Избранное. Том 1 - страница 11



Две идущие впереди монашки, к которым я обратился, оказались неожиданно разговорчивыми и добрыми. На мой наивный вопрос, смогу ли я попасть в город и посмотреть его, одна из них, высокая и светлая лицом, хихикнула задорно и ответила:

– Тысячи людей попадают в город, почему Вам не попасть, смотрите какой поток народу туда и обратно льется!

Действительно, мой первый вопрос был явно не совсем удачным. Но у меня был второй, для меня настолько важный, что я не мог задать его с ходу, боясь встретить равнодушие и отрицательный ответ.

Я все-таки собрался с духом:

– А Вы слышали что-либо об иконах, хранящихся в ЦАКе, написанных безруким художником Журавлевым?

Та, что пониже, сразу ответила, что нет, о таком не слыхала.

Высокая, которую, как потом я узнал, зовут Олей, тут же скороговоркой заспешила:

– Слышала и видела, я не знаю имени художника, но картину видела, видела. Она в кабинете висит одна всего.

– А как мне попасть туда?

– Да идите с нами к Царским чертогам, а там разберетесь сами.

Так я оказался в Свято-Троицкой Сергиевой Лавре.

Монашки на территории Лавры как-то спешно отделились от меня, сказав, чтобы я спросил любого семинариста Духовной Академии и мне помогут.

Я так и поступил. Стоящие у входа в Академию молодые люди тут же ответили, что без протоиерея Николая Резухина я не смогу ничего увидеть, сегодня ЦАК не работает, а у протоиерея какая-то серьезная делегация вне плана и его не поймать.

Мои планы рушились, ибо мне надо было вечером быть в Москве, – в кармане лежал билет на поезд до Самары. Очевидно, как-то угадав мое отчаянное состояние, один из студентов приблизился ко мне и вполголоса проговорил, озорно сверкнув глазами.

– Мы его изловим, я знаю, где он – идите за мной.

Так мы и поступили.

Протоиерей Николай Резухин – помощник ректора Московской Духовной Академии и семинарии по представительской работе, заведующий ЦАК, депутат местного городского совета – оказался очень занятым человеком. Невысокого роста, в обычной светской одежде, с рыжеватой бородкой, быстрый в движениях, он был похож на доцента с институтской кафедры.

Не останавливаясь, на ходу выслушав мои сбивчивые извинения и просьбы, он, глядя на меня цепкими и колючими глазами, назидательно сказал, что времени у него нет для того, чтобы сегодня поговорить со мной.
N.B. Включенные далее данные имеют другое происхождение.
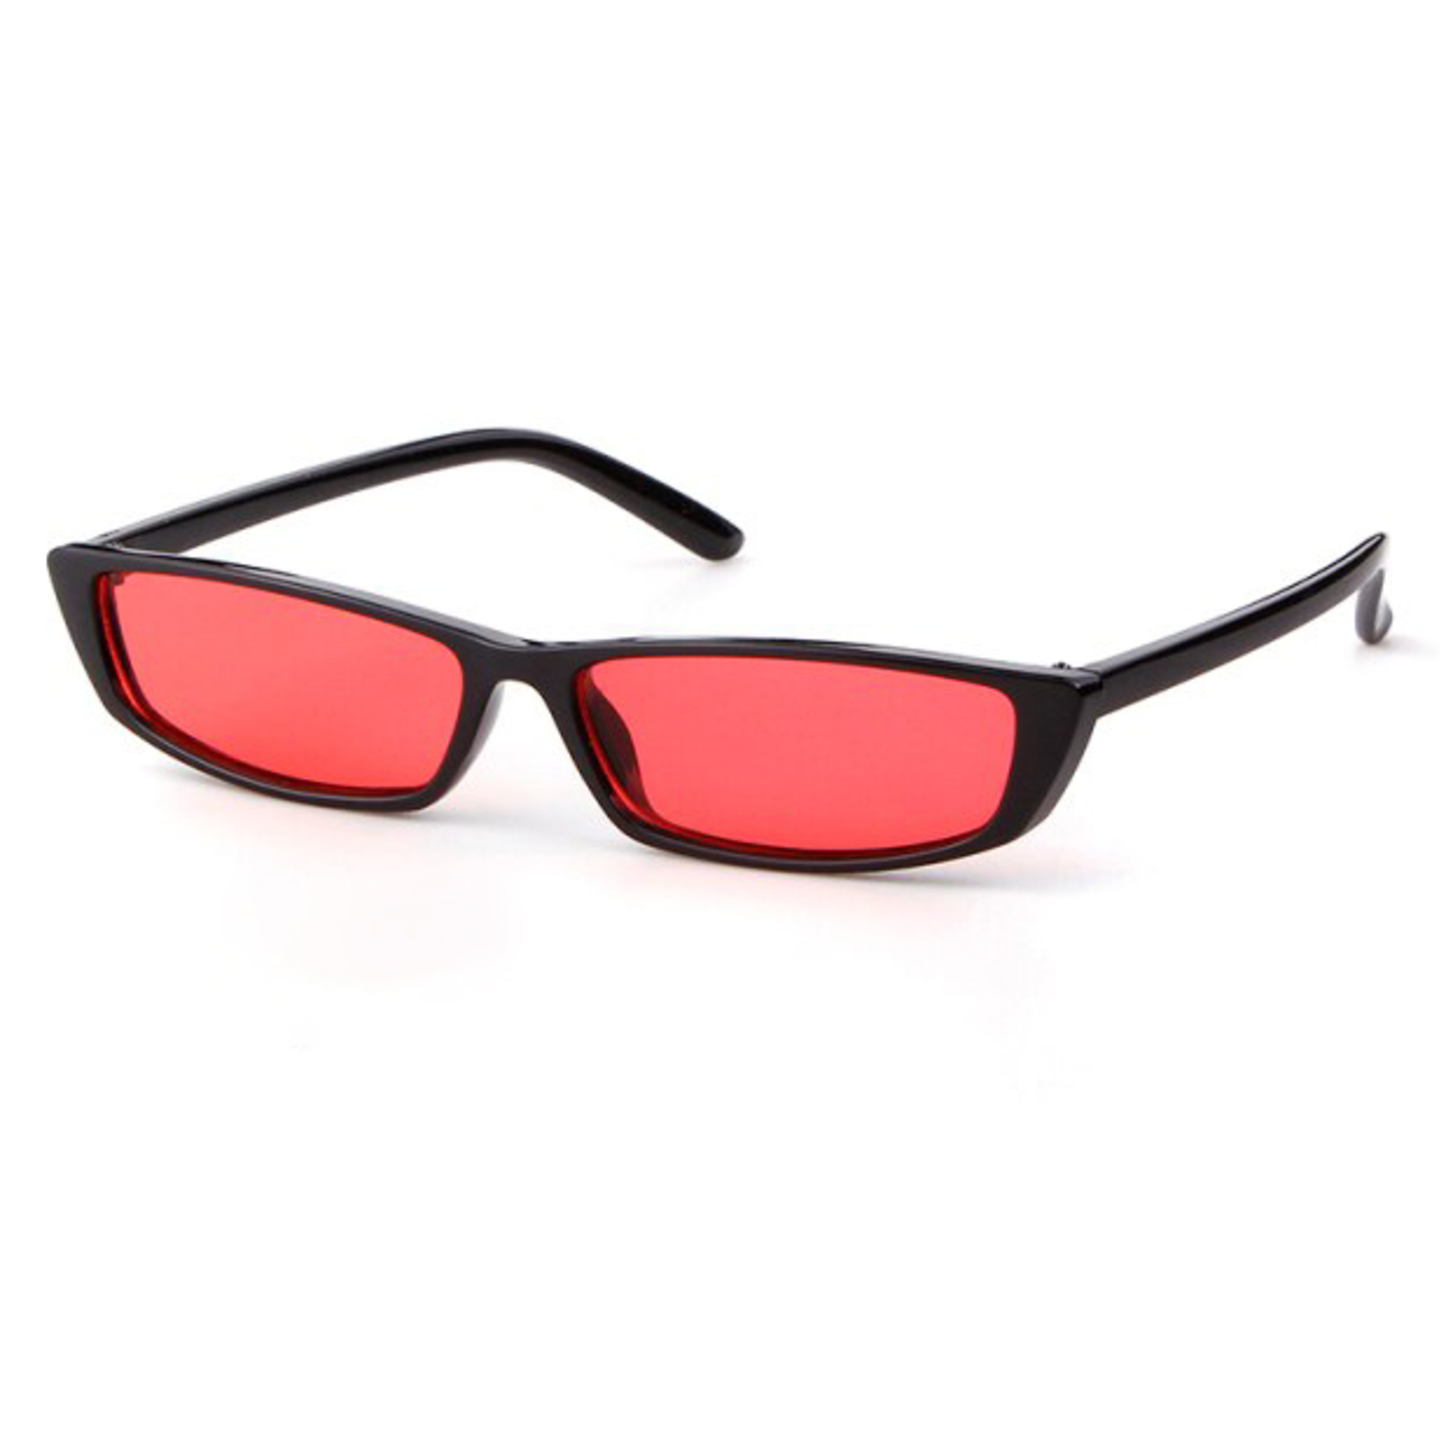 Black Full Rim Red Colored Sunglasses  Limited Addition

Казалось, все рушится.

И тут мне внезапно пришел на ум еще один довод, который я тут же и использовал:

– Вы понимаете, Журавлев мой земляк, мы с ним из одного села, я неделю назад был в его доме – ходил по его комнате. Понимаете мои чувства?

Мой собеседник все понял.

– Ну, если так, посидите вон там где-нибудь в скверике, часа через два-три я, может быть, Вас найду.

И ушел.

Что мне оставалось делать?

Боясь потерять возможность встречи с протоиереем, я решил неотлучно два-три часа просидеть на скамейке под липами у Троицкого собора.

…Я сидел в тени старинных цветущих лип и пытался разобраться в своих чувствах.

Кругом была изумрудная свежая зелень, аромат сирени в воздухе, группы туристов, слушатели Академии. Звучала русская и нерусская речь. Звонили колокола.

И мне на какой-то миг показалось, что моя мечта – найти и посмотреть икону Журавлева – несбыточна, что грандиозность соборов, монументальность всего и официоз отделили художника и его иконы от меня и моих сельчан, что здесь не до него и не до меня. Настолько микроскопичен человек перед этой беспредельной вечностью, осевшей на куполах соборов.